Latem kluby wypełniały wnioski, deklarując spełnienie kryteriów (np. liczba zatrudnionych licencjonowanych trenerów) na jeden z trzech kolorów gwiazdek: złoty, srebrny i brązowy. Najwyższe, złote odznaczenie, uzyskało na Śląsku 18 akademii: Górnik Zabrze, Raków Częstochowa, Zagłębie Sosnowiec, GKS Jastrzębie, GKS Katowice, Skra Częstochowa. Rekord Bielsko-Biała, RKP ROW Rybnik, Gwarek Tarnowskie Góry, AKS Mikołów, Unia Kosztowy, MKS Żory, MOSiR Czerwionka-Leszczyny, Orzeł Pawonków, Niepokorni Orzesze, Rozbark Bytom, APN GKS Tychy i JSS-Silesia Piekary Śląskie. 19 gwiazdek było srebrnych, a 47 – brązowych. W całej Polsce przyznano 117 gwiazdek złotych, 145 – srerbnych oraz 432 brązowe.
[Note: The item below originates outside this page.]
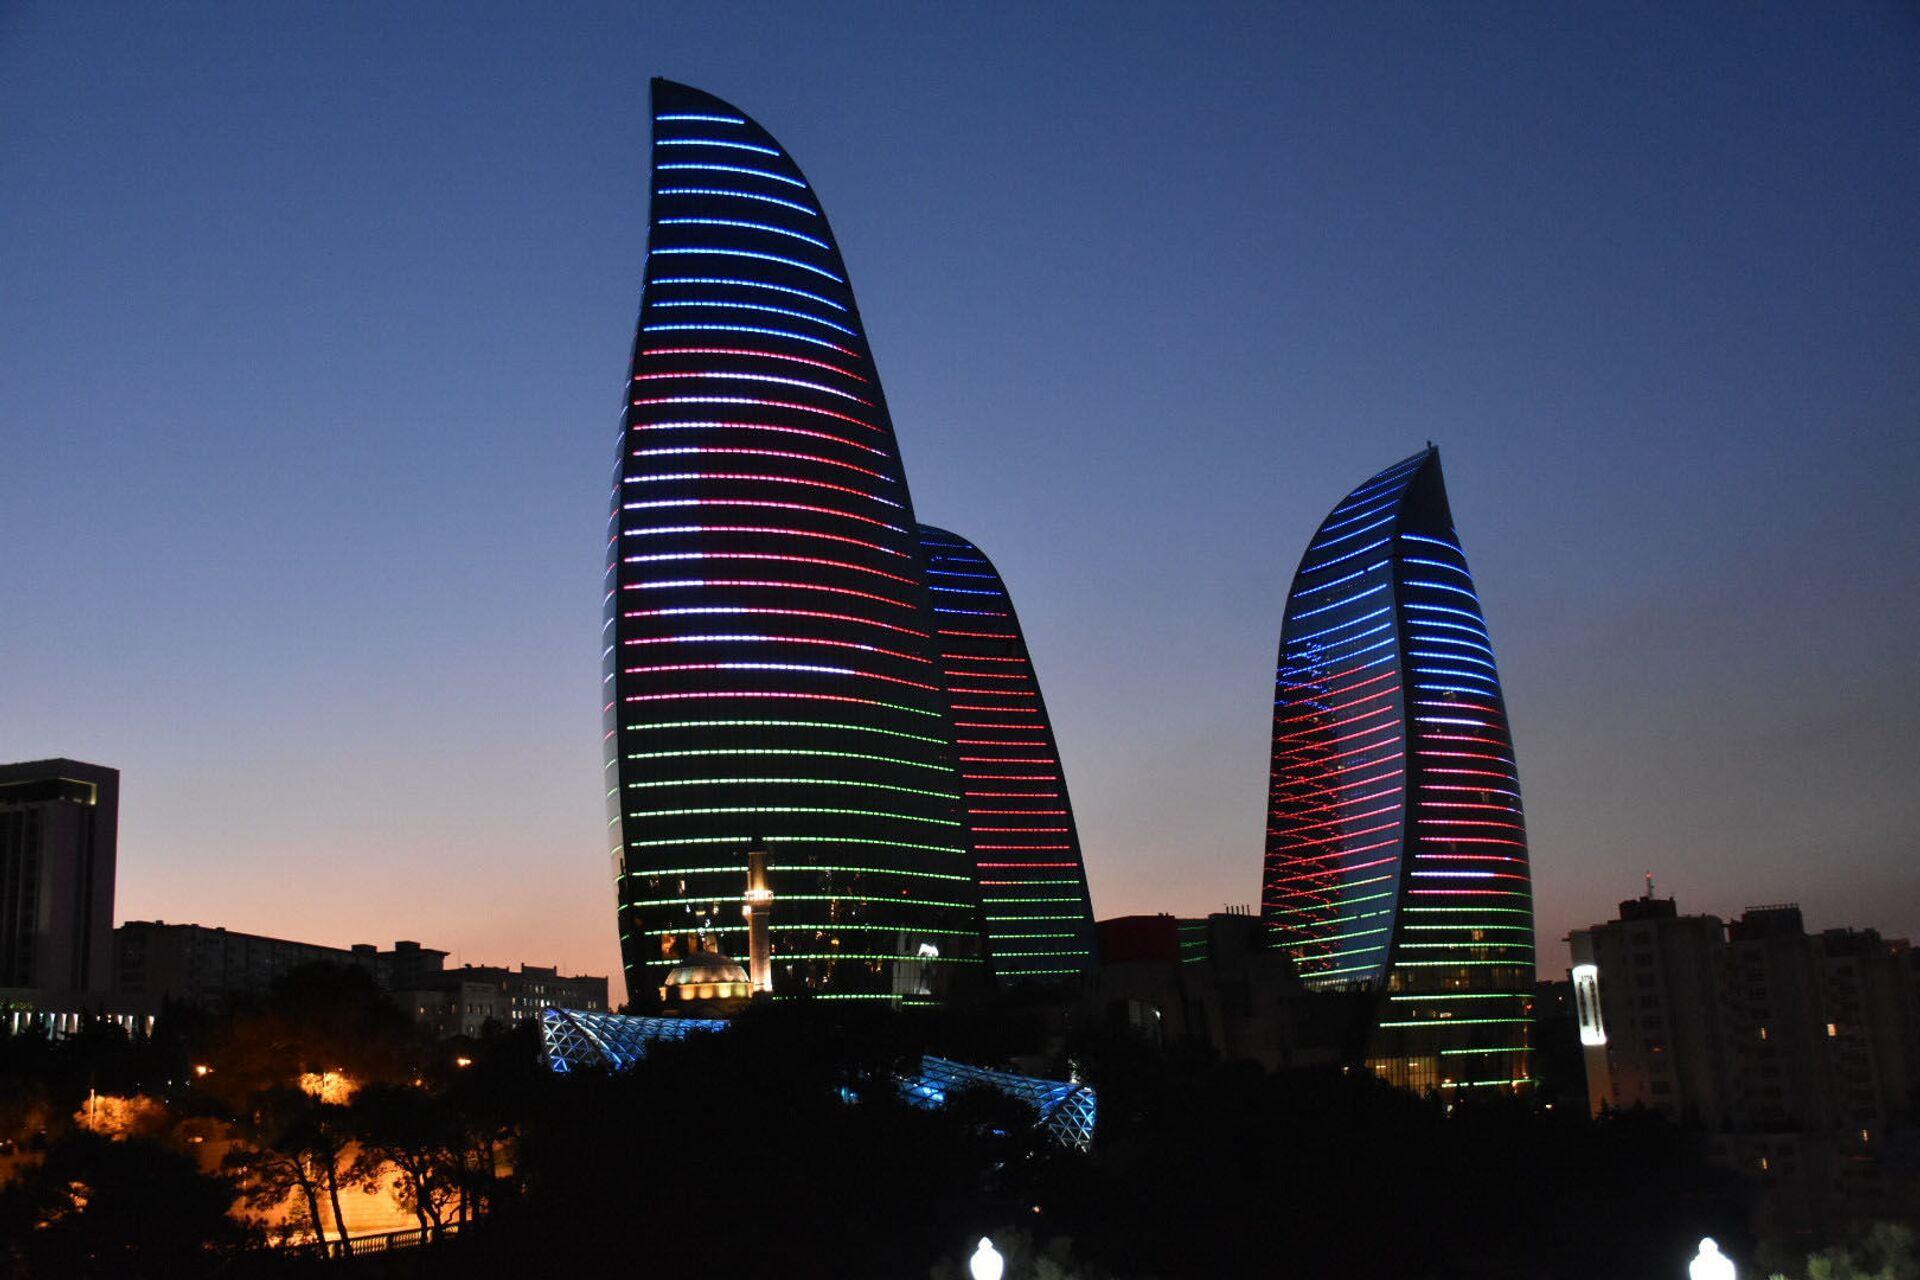 Alov qüllələri üzərində Azərbaycan bayrağının rəngləri proyeksiya olunub - Sputnik Азербайджан, 1920, 01.10.2021

Certyfikacja obejmuje grupy szkoleniowe w akademii do przedziału wiekowego U-12. Dla akademii ze złotą gwiazdką program przewidywał po około 15 tys. zł na każdą drużynę od U-12 w dół, dla srebrnej – około 10 tys., a dla brązowej – około 5 tys. Dla klubów to dziesiątki, a nieraz nawet i setki tysięcy złotych. Decyzja o otwarciu od 4 maja obiektów sportowych powoduje, że do życia na nowych zasadach wrócą też piłkarskie akademie.